Da mesma forma que a coluna “Design”, a coluna “Desenvolver” indica quando as ideias estão chamando a atenção dos desenvolvedores ou engenheiros. A coluna "Desenvolvimento" possui duas linhas: "In Tracker" na parte superior e "In Progress" na parte inferior. Como usei o kanban para visualizar a priorização de produtos em conjunto com o [Pivotal Tracker](http://pivotaltracker.com) para priorização de engenharia, a linha "In Tracker" indica quando uma determinada ideia de produto foi escolhida pela equipe de engenharia e adicionada aos seus próprios projetos de rastreador principais, o que lhes permite dividi-la em tarefas de engenharia específicas. A presença de uma ideia na seção "In Tracker" de "Develop" em vez da seção "Done" de "Design" indica que seus objetivos e designs foram explicados e entregues aos desenvolvedores, e a ideia está, portanto, em seu tribunal para prosseguir com a execução. Quando eles começam a trabalhar em uma ideia (que deve estar rapidamente em um sistema kanban bem regulamentado), ela passa para “Em andamento” até ser concluída.

Como o kanban é melhor usado com implantação contínua, não há linha “Concluído” para a coluna “Desenvolvimento”; os cartões simplesmente passam para a coluna "Validar", o que indica que suas ideias foram implantadas para usuários reais e estão aguardando validação. A coluna "Validar" pode ser dividida em duas linhas se você tiver um ambiente beta e um ambiente ativo (ou seja, quando as ideias são enviadas para o teste beta, elas devem ficar na linha "Beta" e, quando forem totalmente lançadas, na linha "Ao vivo"). Observe que os cartões não são simplesmente retirados do tabuleiro depois de implantados, pois a coluna de validação tem como objetivo lembrar à equipe que eles precisam acompanhar se a ideia que construíram realmente teve o efeito pretendido.

As ideias implementadas permanecem na coluna de validação até que seja determinado que foram bem-sucedidas de acordo com o planejado, momento em que são removidas do quadro. Mas se eles (talvez mais provavelmente) falharam ou ficaram aquém, eles são movidos para trás no quadro, para qualquer estágio considerado necessário ("Caixa de Gelo" se a equipe desistir da ideia por enquanto, "Projeto" se sua falha for considerada uma falha de design, ou "Desenvolvimento" se for encontrado com erros ou implementado incorretamente). Como é fácil chegar a padrões baixos para validar ideias na pós-produção, seria melhor usar a hipótese exata que você declarou originalmente para uma ideia ao determinar se ela foi validada com sucesso, mesmo que isso signifique deixar um cartão na coluna "Validar" por um longo período de tempo para avaliar seu efeito.

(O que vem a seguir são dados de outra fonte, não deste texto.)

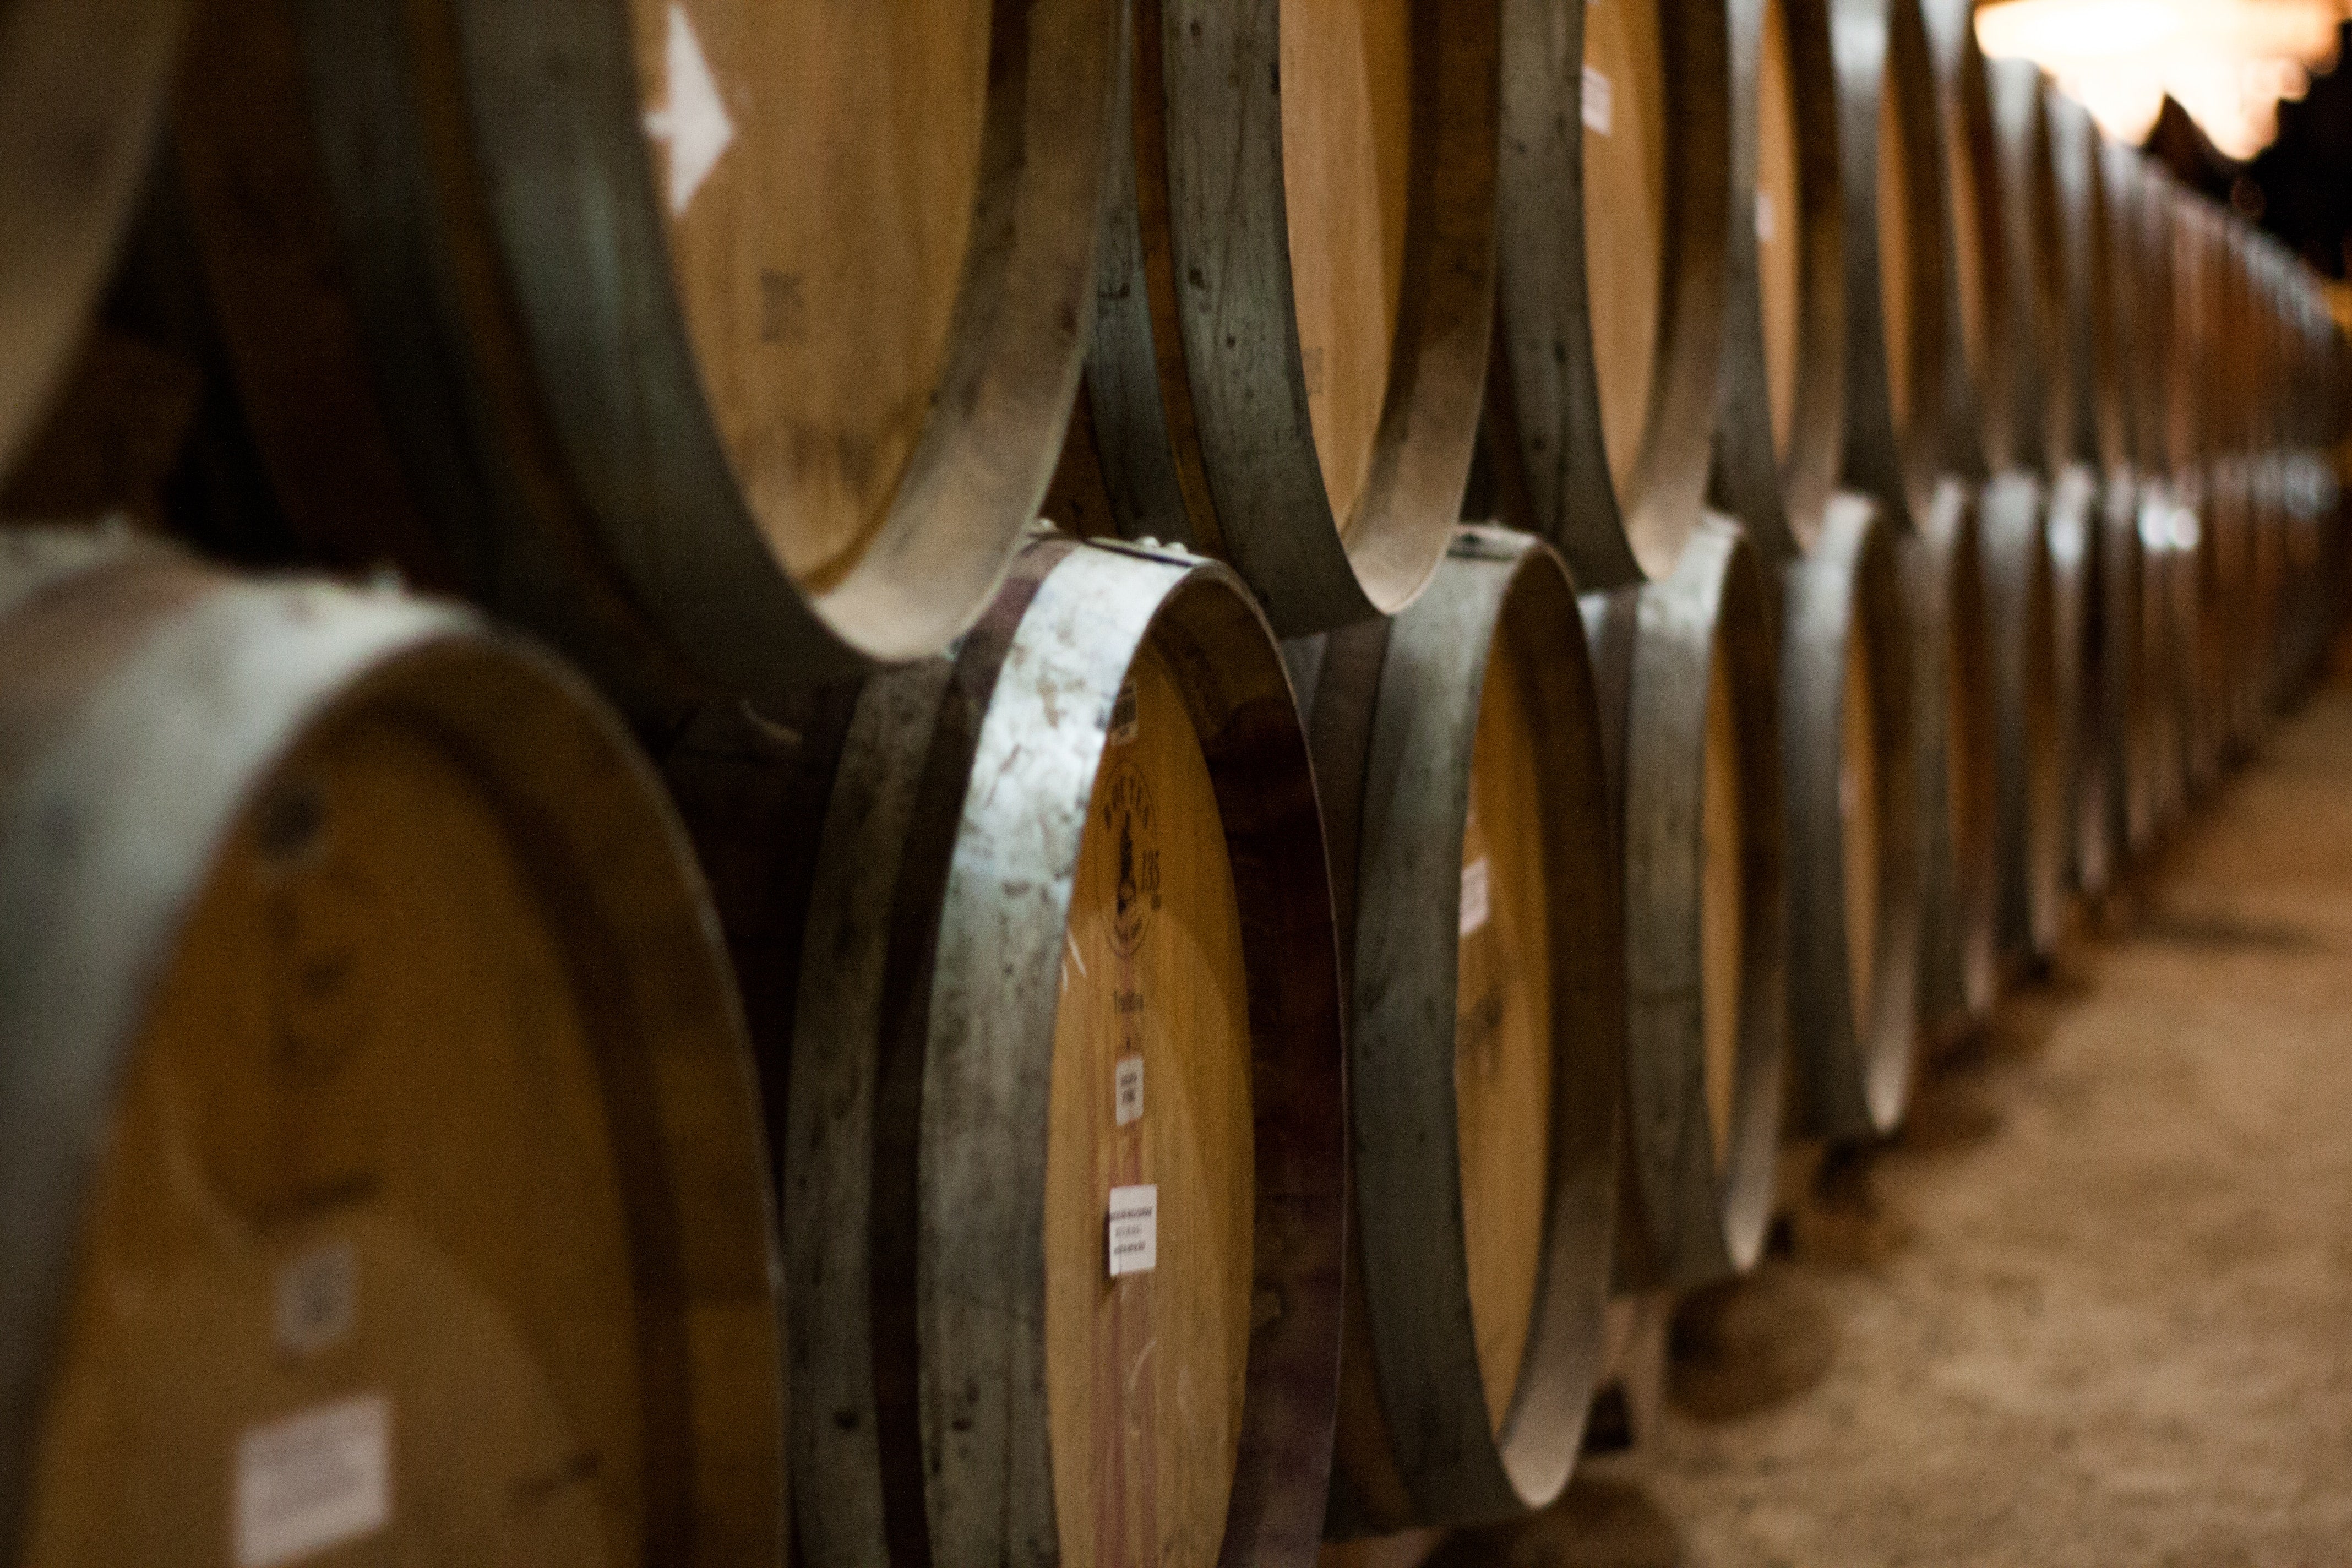 Oak barrel wine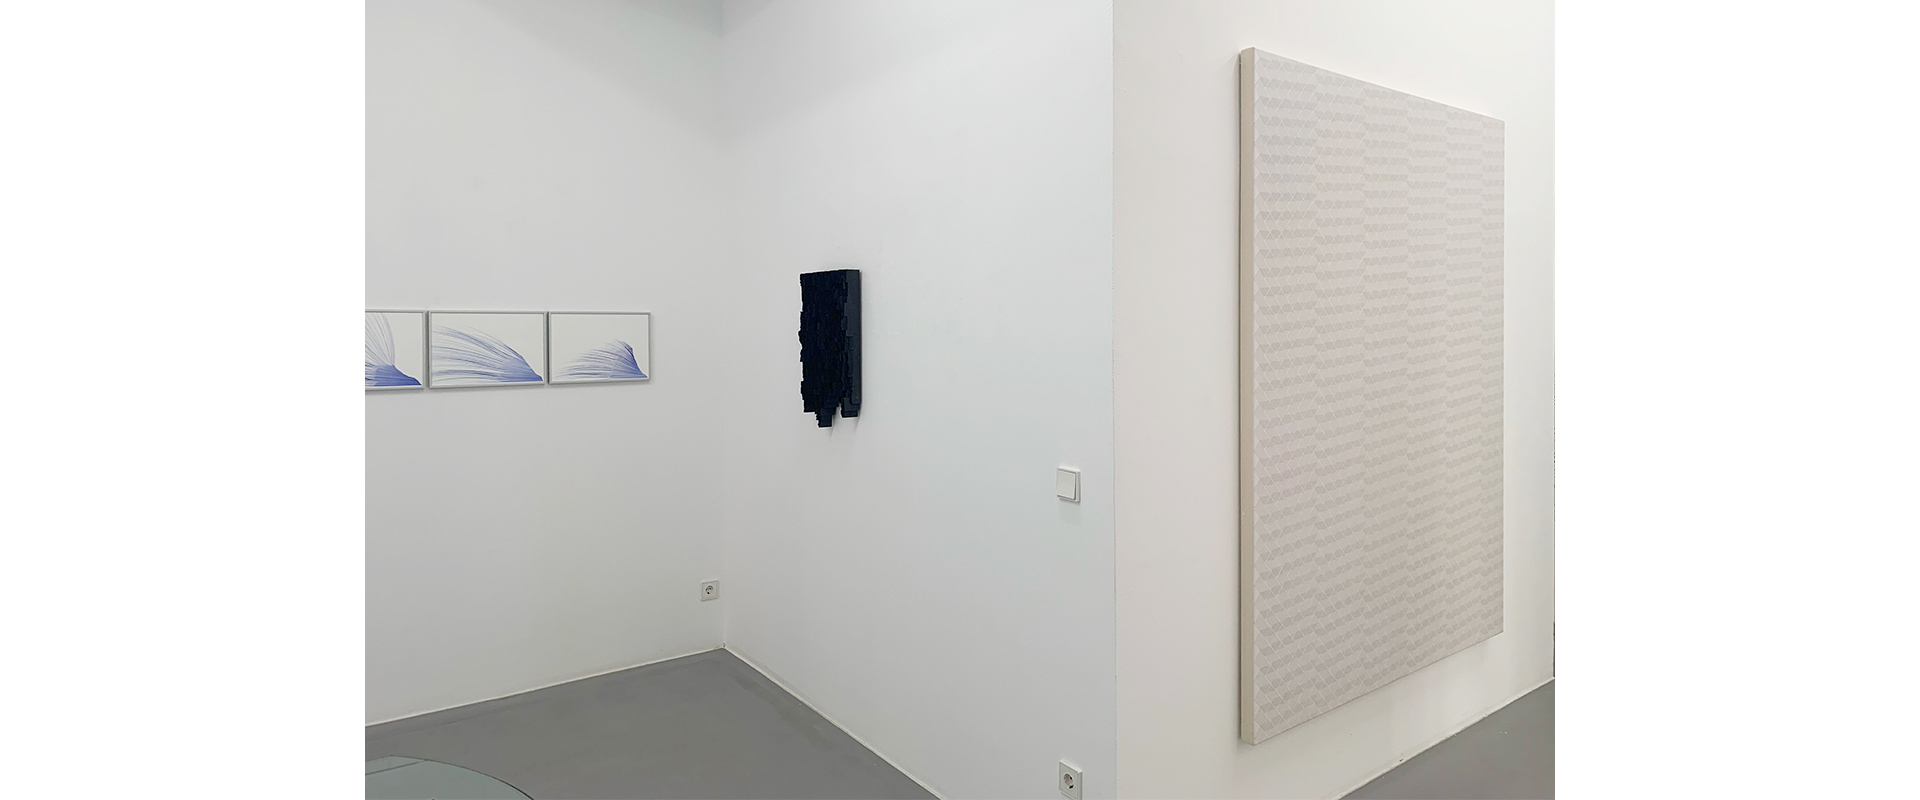 Ausstellungsansicht "5 Jahre später. Bender Schwinn Projekt Reloaded", Galerie Renate Bender 2023

Ao começar a usar um quadro Kanban para acompanhar a execução de ideias de produtos, você notará os gargalos em seu processo de produção geral. Os cartões podem começar a se acumular nas colunas de design, desenvolvimento ou validação, indicando que você precisa de mais recursos nessas áreas se quiser produzir tanto em um determinado momento. E se não conseguir adicionar os recursos necessários, você saberá que precisa reduzir o quanto você morde ou dividir as ideias em pedaços menores, com o objetivo de manter cada um dos seus recursos em capacidade total (mas não maior).

Se você começar a usar esse quadro kanban – esperançosamente para discutir a direção do produto em reuniões agendadas regularmente – você inevitavelmente encontrará maneiras de personalizá-lo de acordo com as necessidades de sua equipe e produto específicos. E essas personalizações devem ser feitas visando aumentar a capacidade do conselho de priorizar as ideias de produtos de maior impacto e acelerar o processo pelo qual elas vão do design à validação. Se você conseguir fazer isso, terá a tranquilidade de saber que está fazendo as melhores escolhas de produtos possíveis e seguindo-as de maneira eficaz.